En 1940 Maserati déménage à Modène et participe à l’effort de guerre. La production automobile est stoppée et la marque conçoit et assemble des bougies d’allumage, des batteries ainsi que des petits utilitaires électriques. Mais la grosse révolution pour Maserati va débarquer à la sortie de la guerre en 1946… Vendre des caisses de course c’est bien, mais vendre plus de voitures, ce serait mieux… du coup, la marque s’apprête enfin à lancer sa première GT, la A6 (A en hommage à leur frère Alfieri et 6 pour 6 cylindres), un coupé dessiné par Pininfarina (Quelques uns seront cependant signés Zagato) qui va reprendre le 6 cylindres 1.5l des voitures de course, ramené à 64 ch.

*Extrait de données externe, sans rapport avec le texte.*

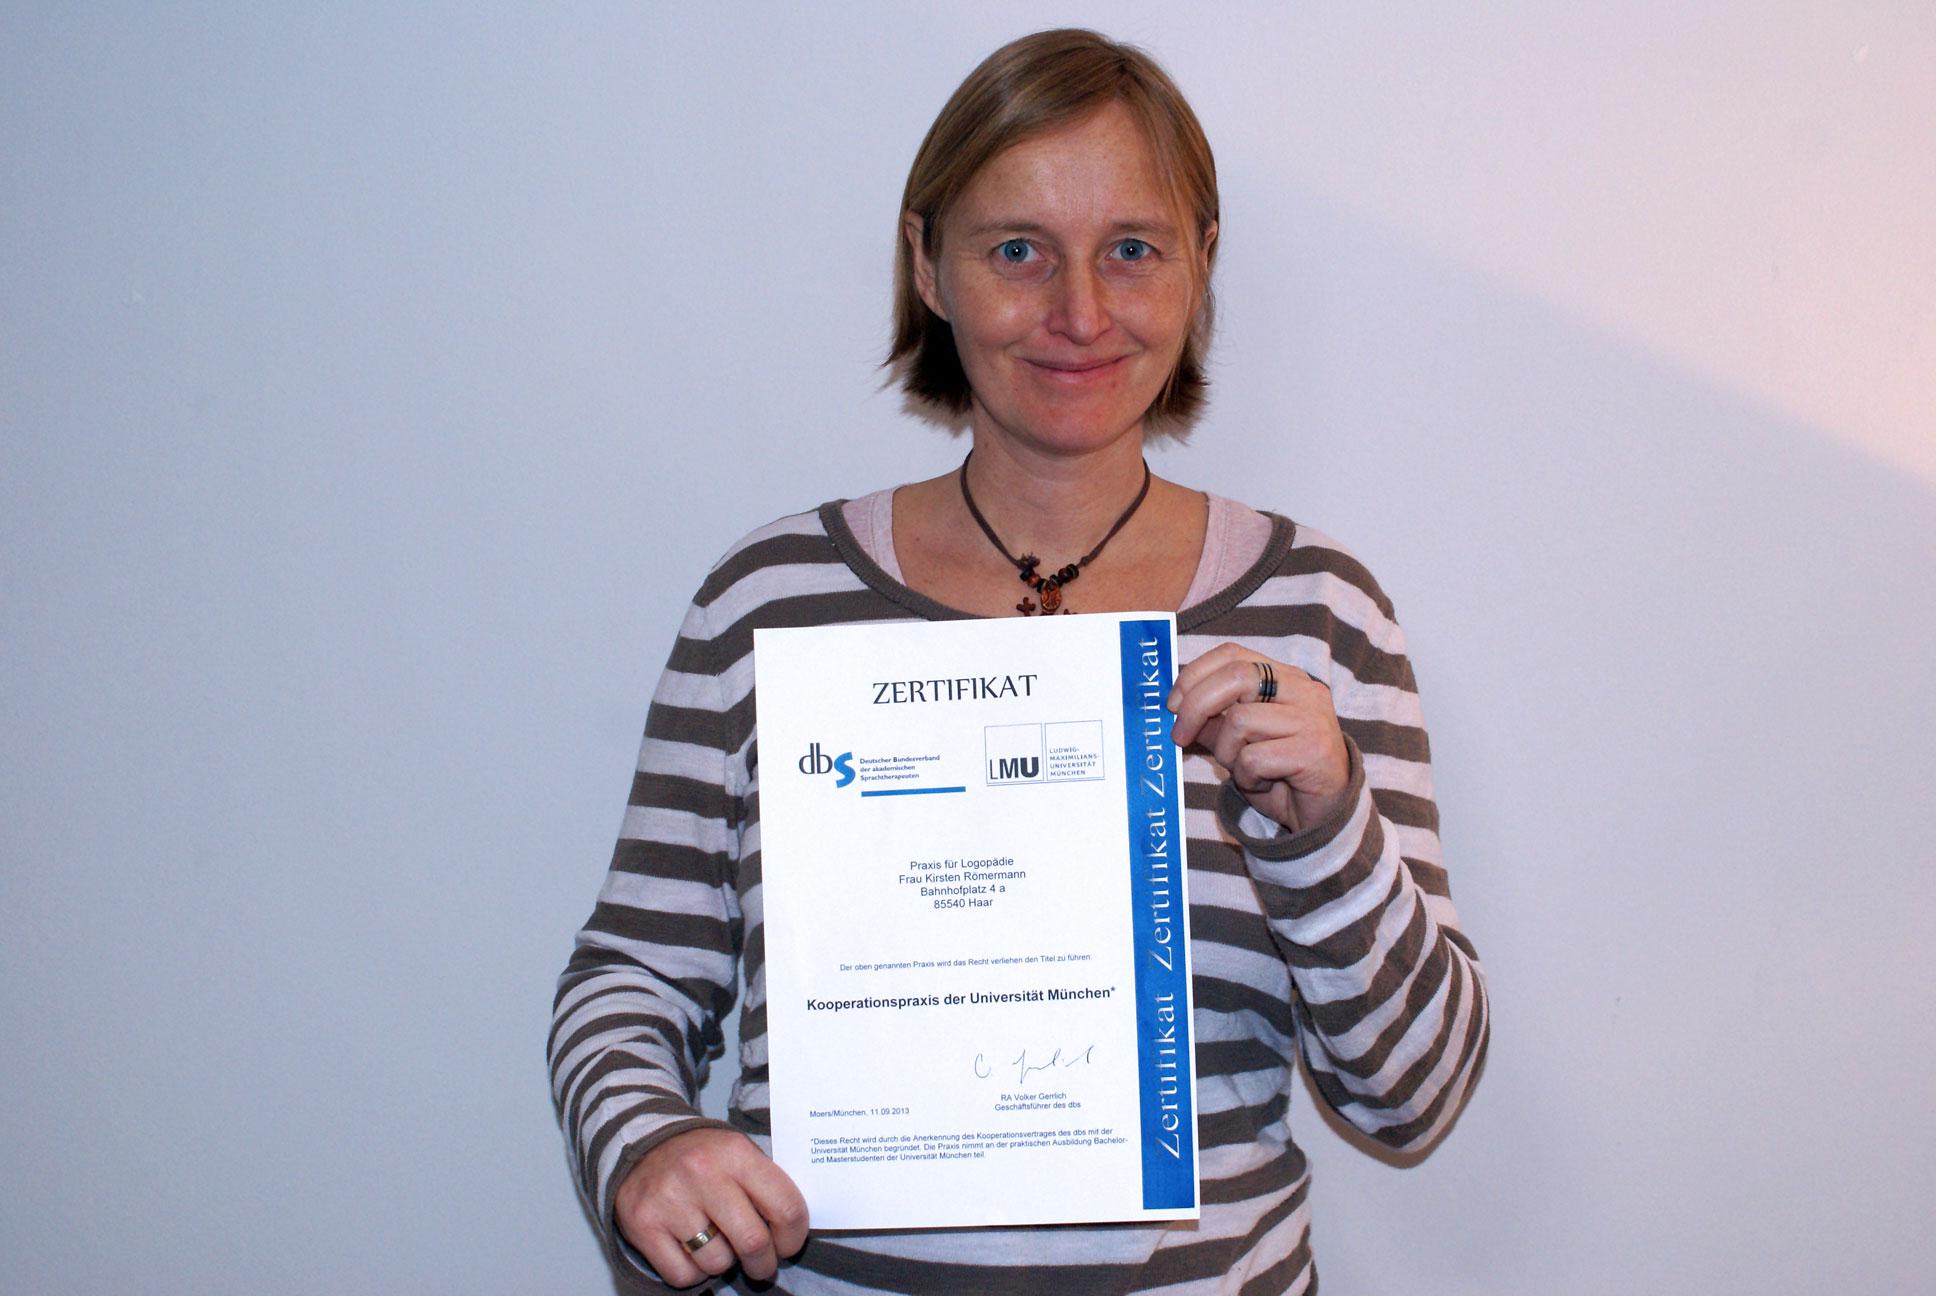 Zertifikat Universität München - Logopädie Römermann aus Haar

Maserati a vendu 61 voiture quand en 1950, la A6 évolue et devient A6G 2000. La Maserati A6G était en fait un châssis avec un moteur, en l’occurence le 6 en ligne qui passait à 2.0l gavé par trois carbus Weber 40 pour sortir 100 ch, encore un peu just’ même si elle n’accuse que 1000 kg. Pour la carrosserie, les clients avaient le choix entre plusieurs spécialistes, Ghia, Vignale, Pininfarina, Bertone, Allamano, Frua ou Zagato. Seulement seize voitures verront le jour, neuf dessinées par Pininfarina en coupé coach 2+2, quatre cabriolets et un coupé signés Frua, un autre par Allemano et un dernier chez Vignale, aux courbes tracées par Giovanni Michelotti.

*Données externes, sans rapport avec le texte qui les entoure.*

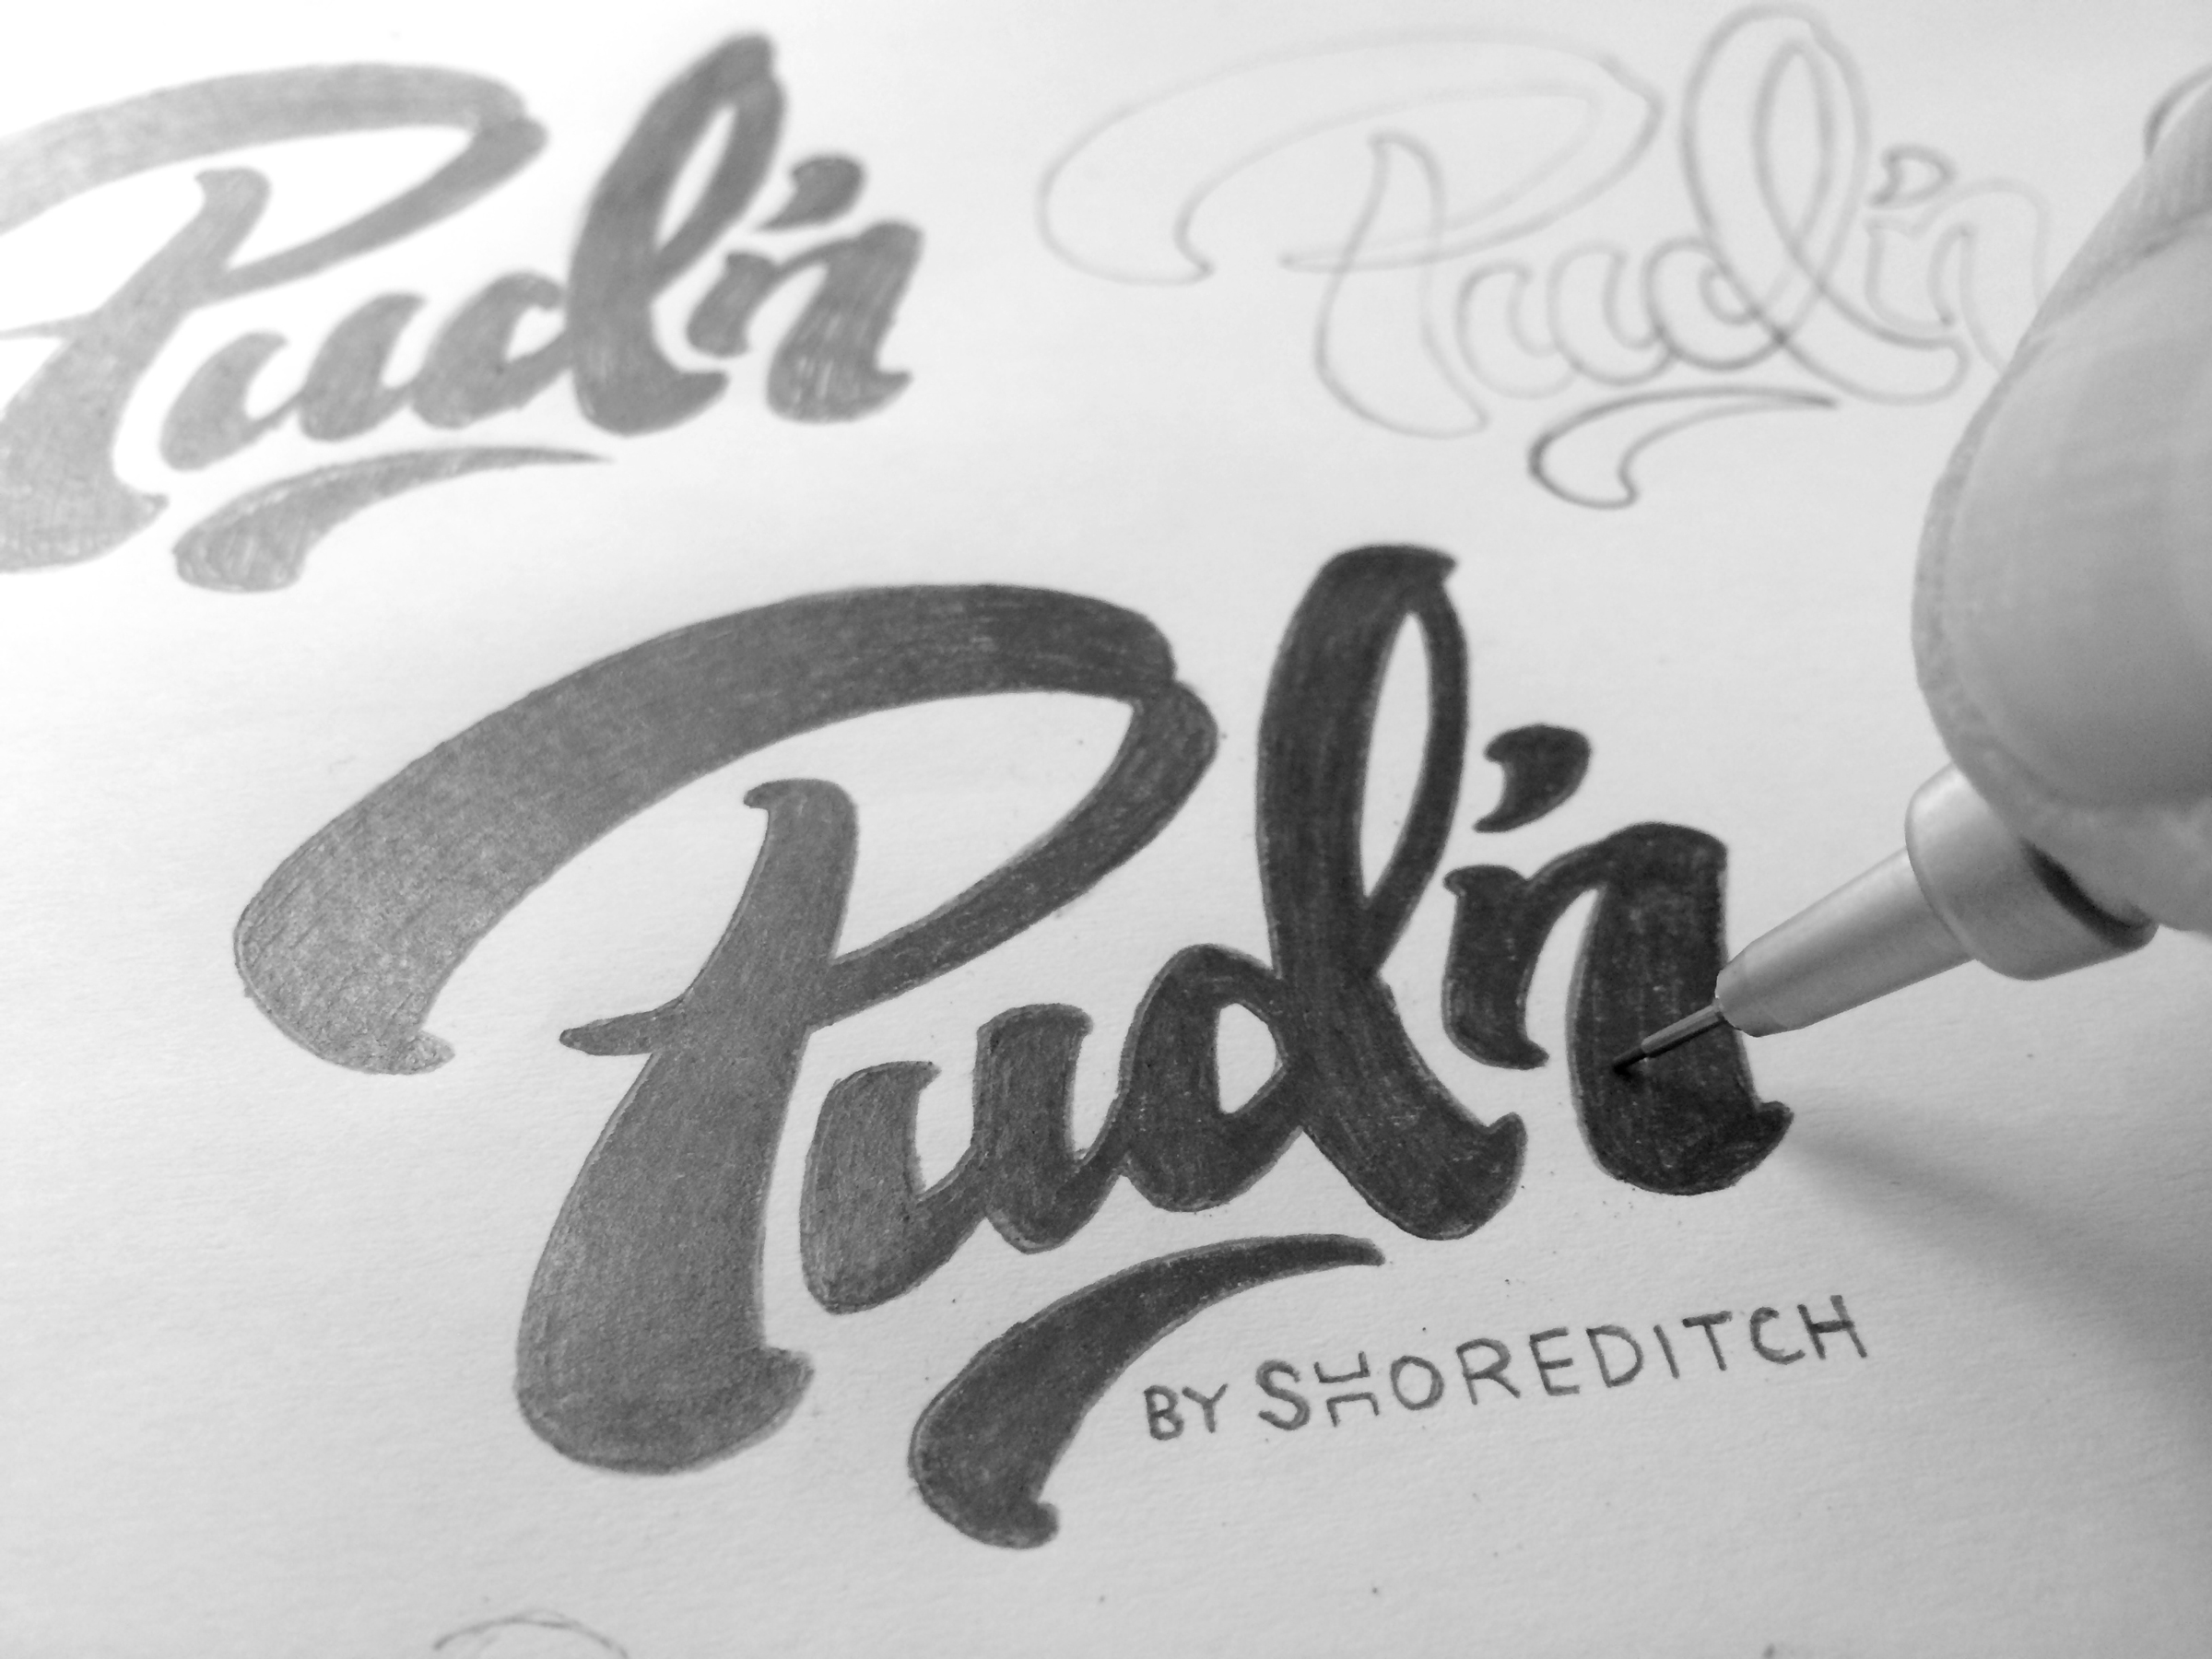 Shoreditch_Pudn_03.jpg

Mais à partir de 1954 la A6G 2000 évolue en devenant A6G 2000 Gran Turismo, plus connue sous le nom de A6G/54. Sous son capot, elle reçoit le 6 cylindres des modèles de course A6GCM (Campionato Monoposto… monoplace) et A6GCS (Campionato Sportprototipi). Le moteur est passé entre les mains expertes de Gioacchino Colombo (Qui signera aussi les V12 Ferrari…). Il reçoit une culasse double arbres et développe désormais 150 ch (Jusqu’à 190 en course)… en 56 un double allumage lui fera gagner 10 ch supplémentaires.
Là encore, plusieurs carrosseries sont proposés… 21 clients choisiront l’élégant coupé 2+2 Allemano, 7 préfèreront le coachwork 2+2 Frua et 12 le Gran Sport spyder du même carrossier. Enfin 20 signeront pour le racé Zagato… proposé soit en Coach, soit en Berlinetta (2 et 3 volumes), qui défilent sous vos yeux.
Pour être honnête avec vous, je pensais avec cet article, vous causer, peinard, de la première GT Maserati, une sportive aux lignes aussi racées que sublimes, et avec une histoire simple et limpide. Tu parles, il a fallu me coltiner des heures de recherches, de traductions, et reboucler entre toutes les différentes infos plus ou moins aléatoires, trier, mettre tout en ordre… Je peux vous dire que j’en ai appris autant sur la marque que sur cette A6G/54 à l’histoire aussi passionnante qu’enrichissante.